THE TASK
Please transcribe the data exactly as shown, skipping the images.

DATASET CONTENT START

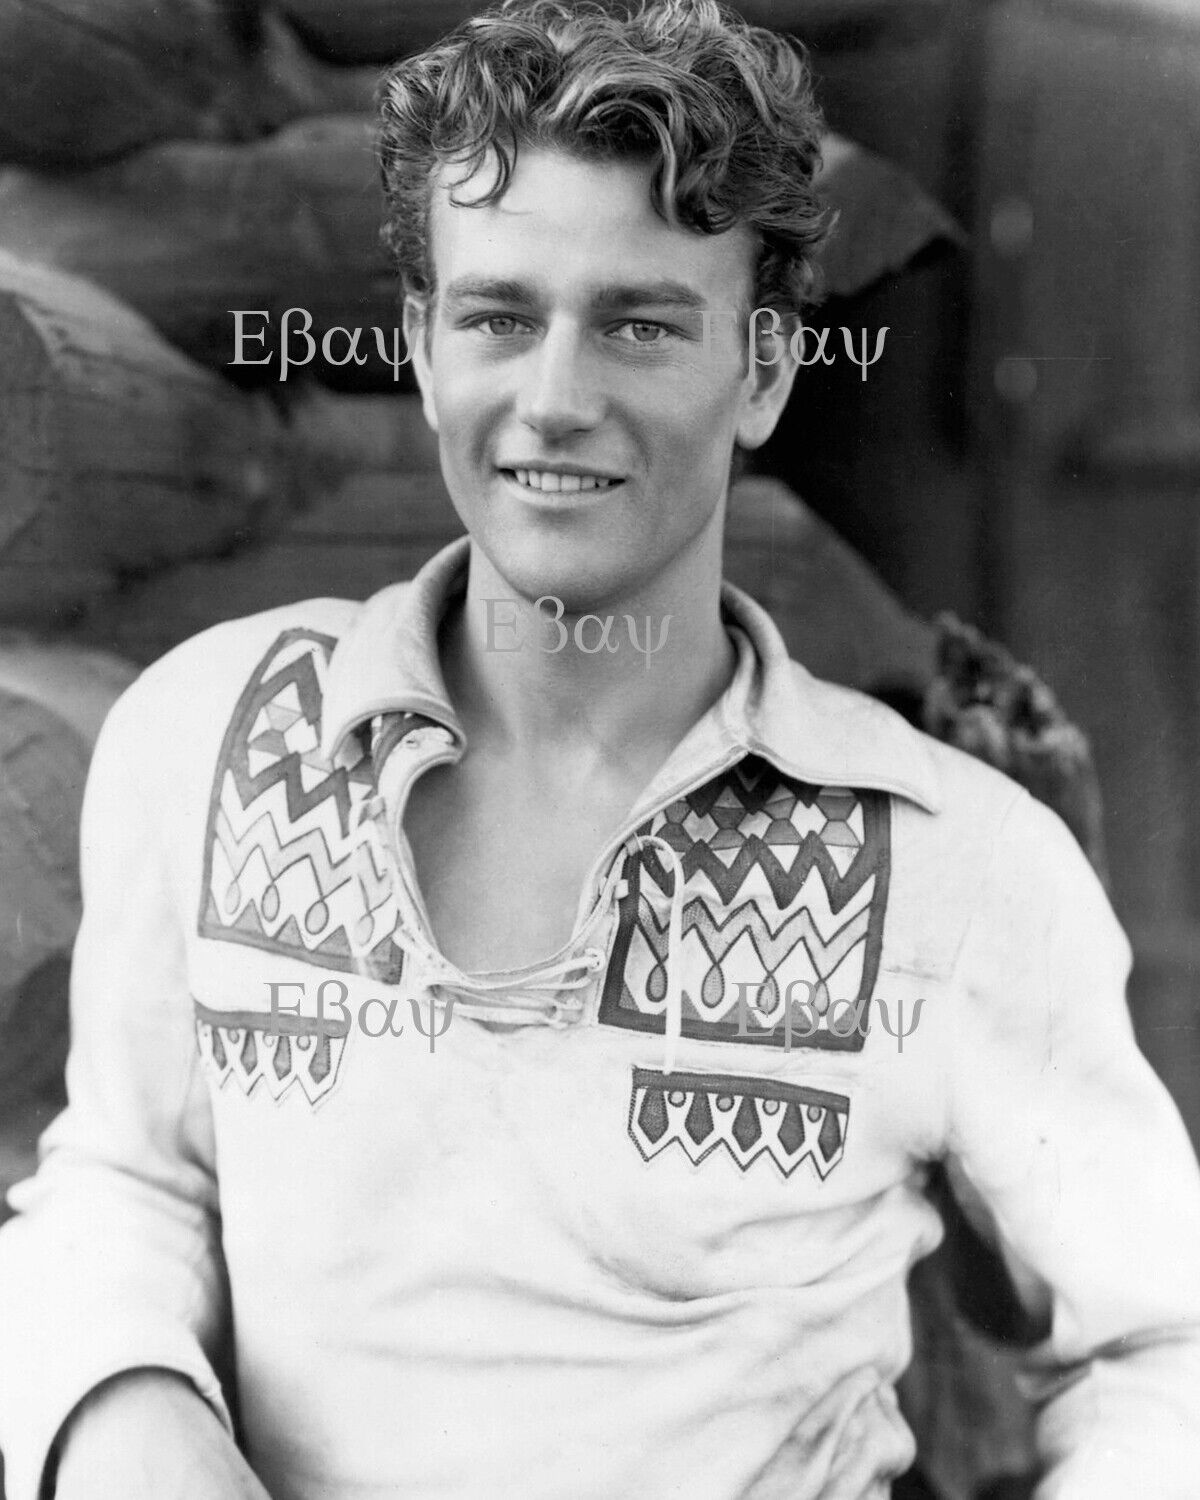 John Wayne, 1930s - Actor 8X10 Photo Reprint
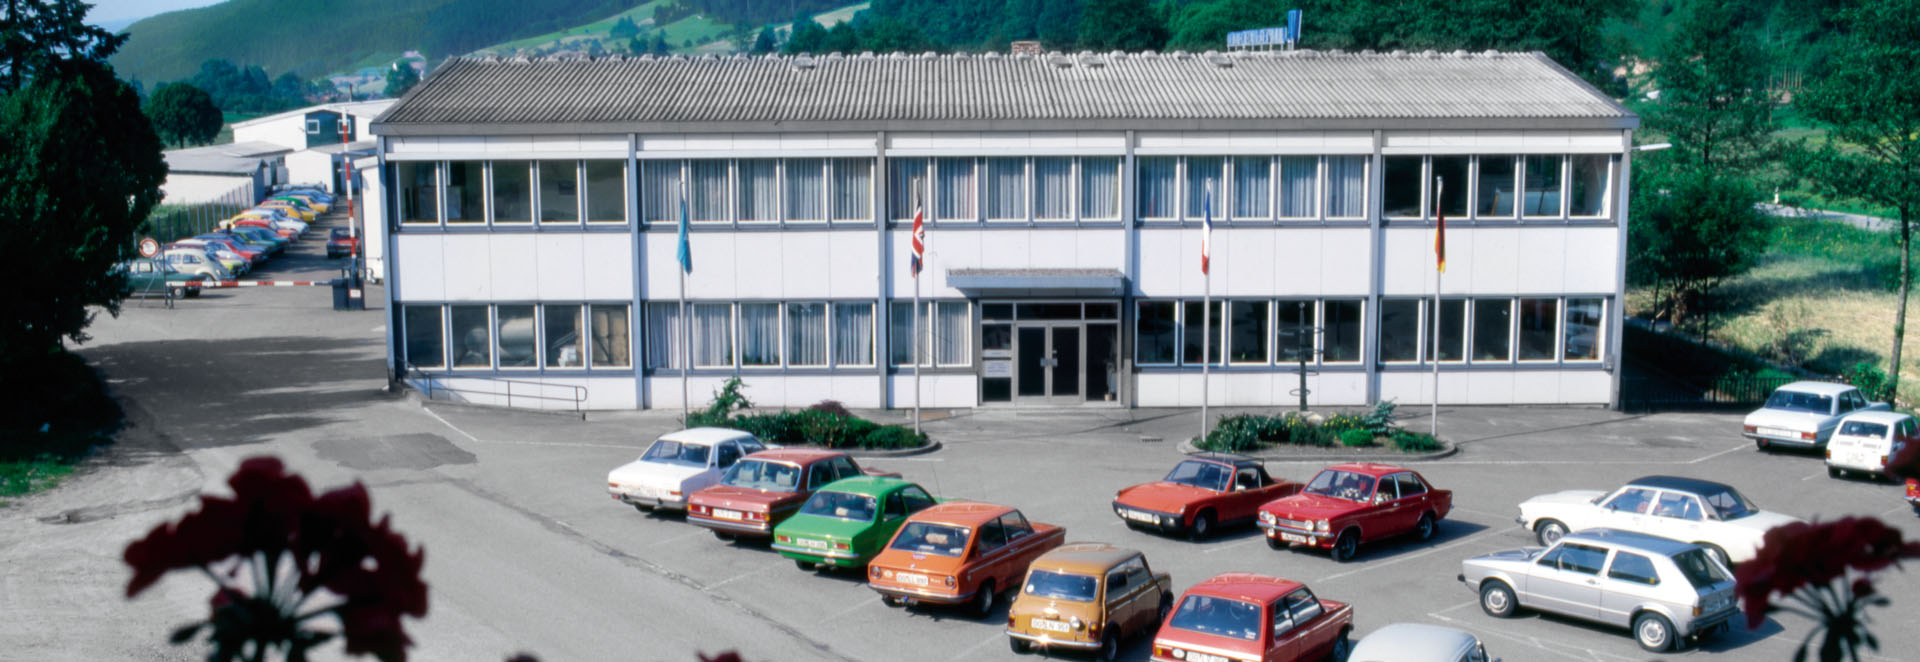 60 Jahre Erwin Junker Maschinenfabrik GmbH
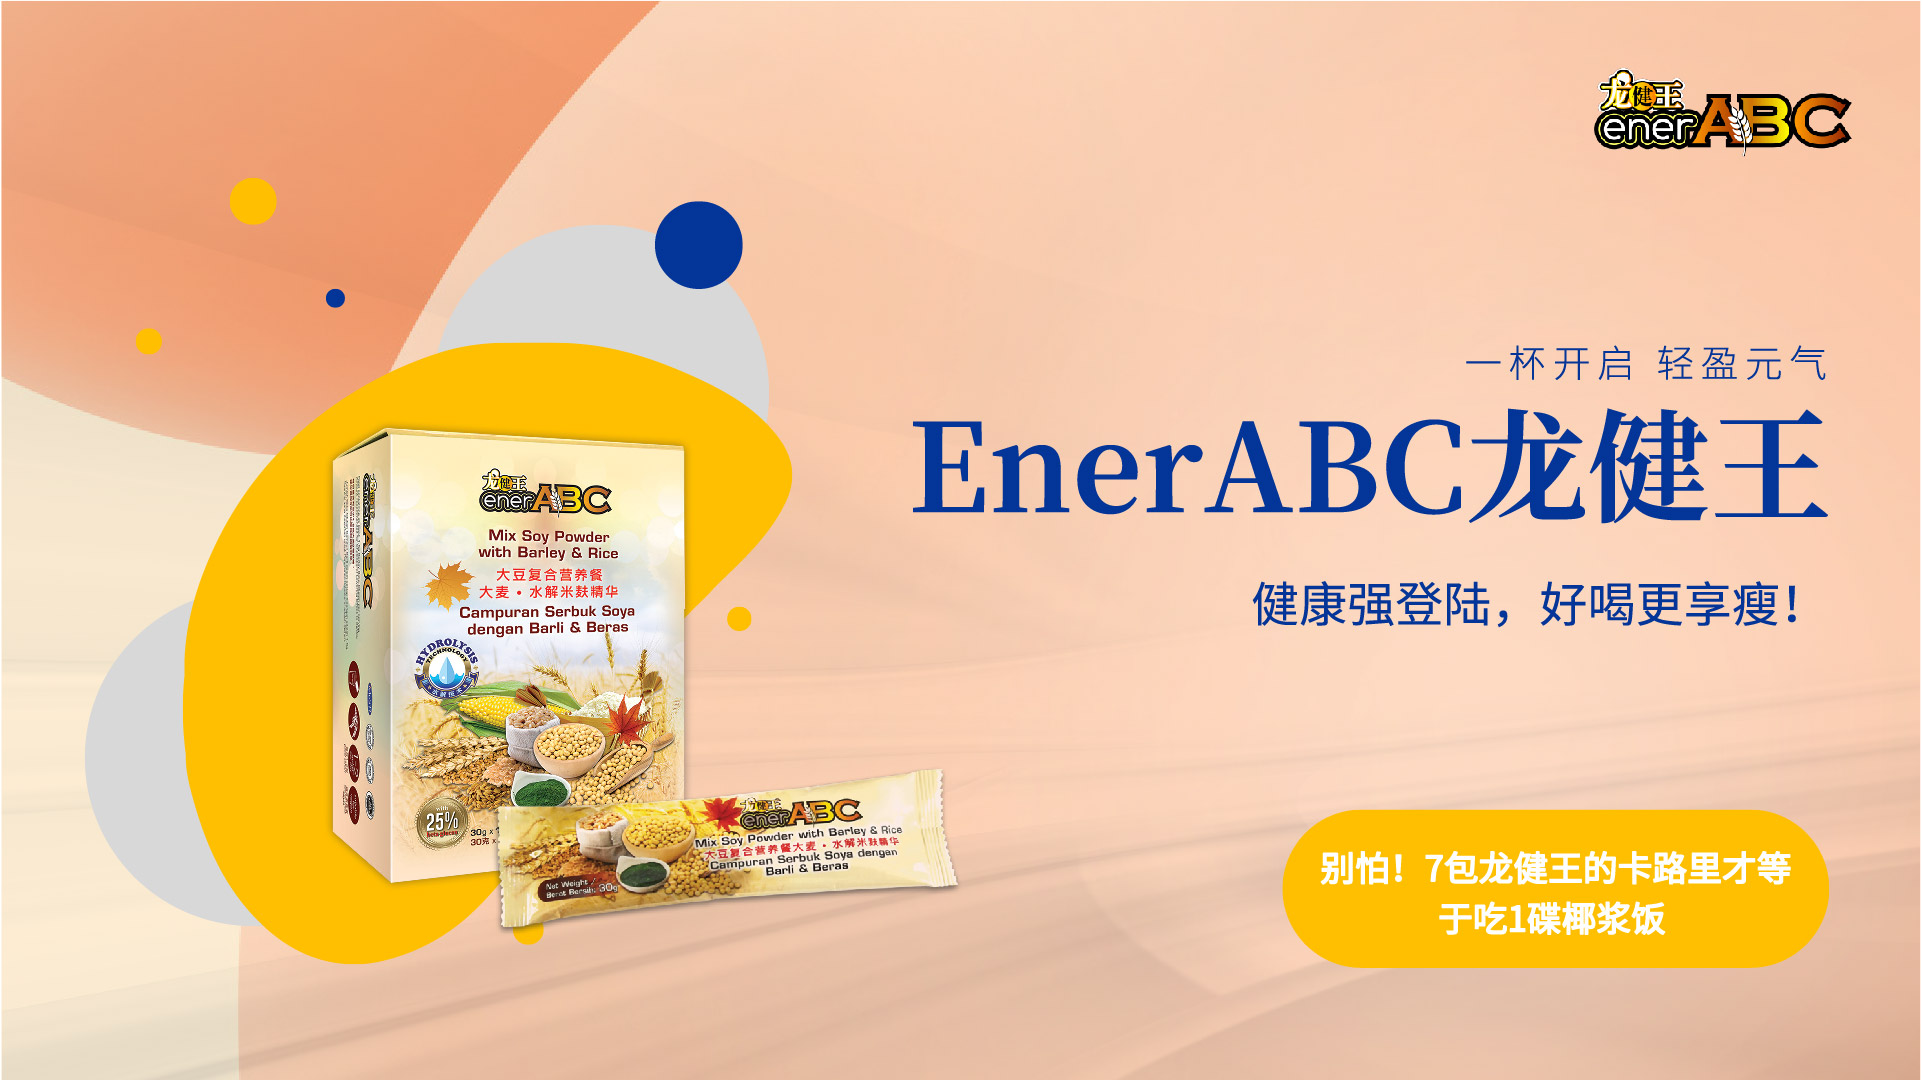 enerabc product details
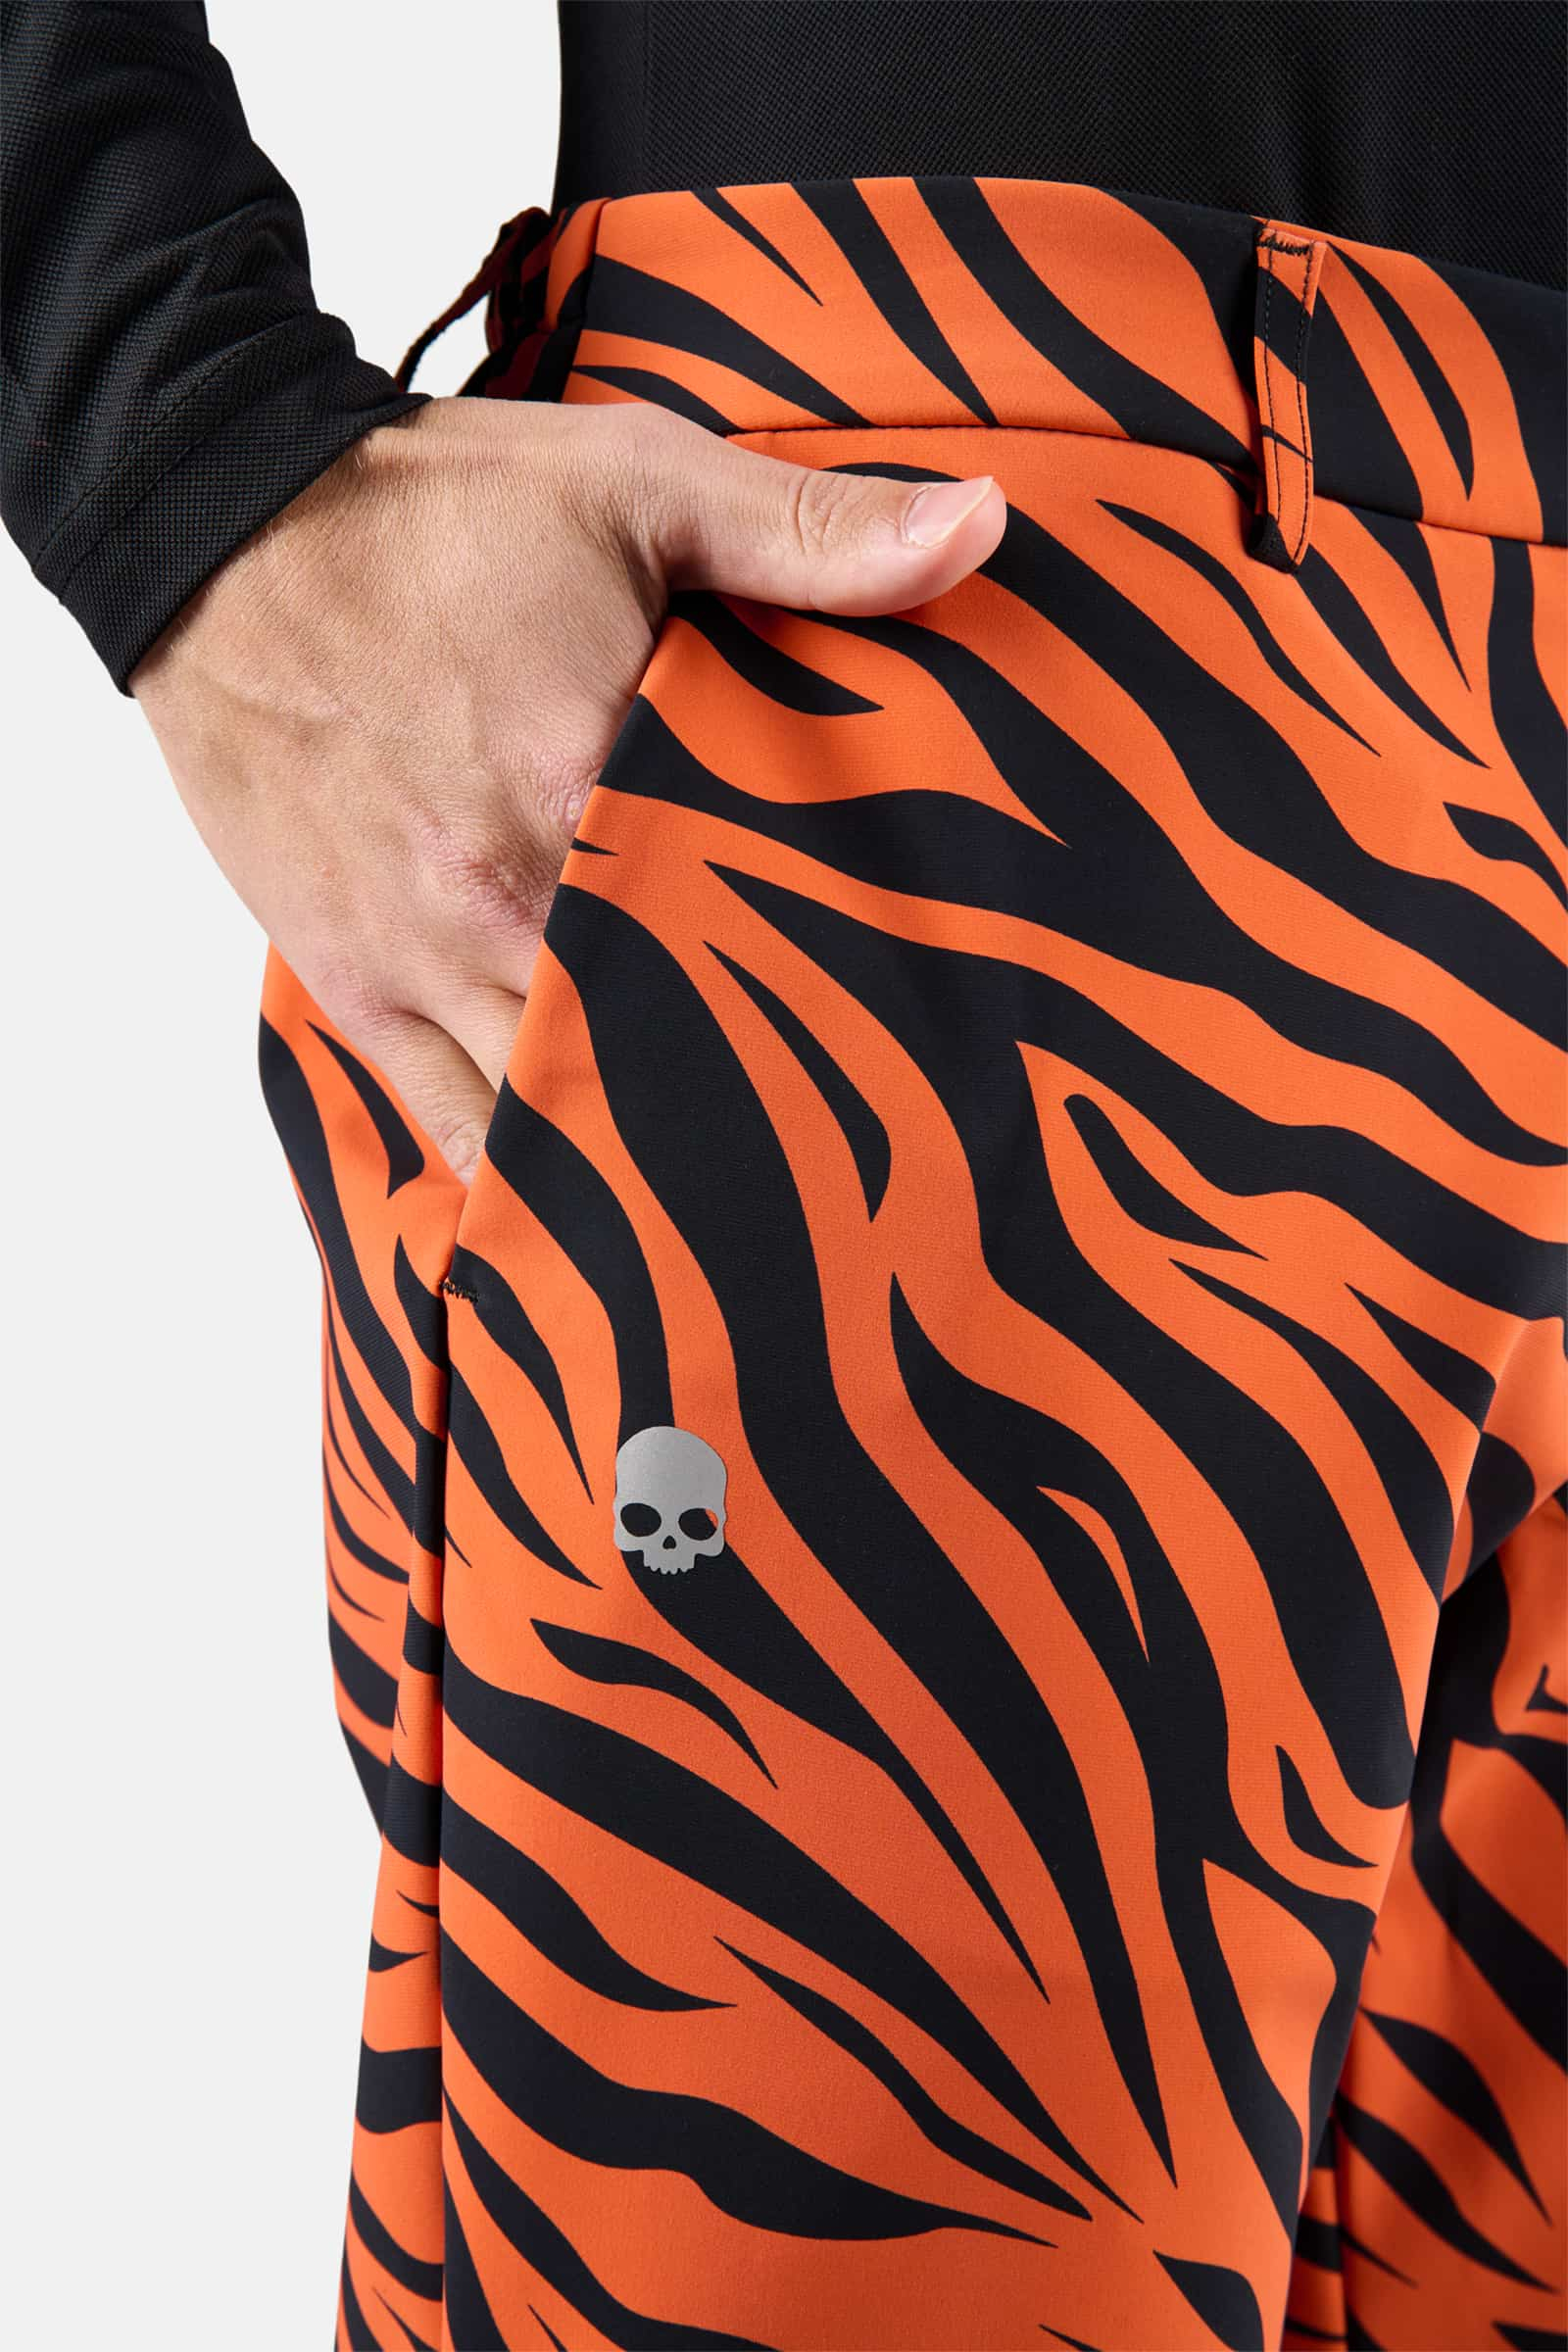 Pantaloni invernali da golf - ORANGE TIGER - Abbigliamento sportivo | Hydrogen

DATASET CONTENT END

ANSWER FOR THE TASK
 John Wayne, 1930s - Actor 8X10 Photo Reprint
 60 Jahre Erwin Junker Maschinenfabrik GmbH
 enerabc product details
 Pantaloni invernali da golf - ORANGE TIGER - Abbigliamento sportivo | Hydrogen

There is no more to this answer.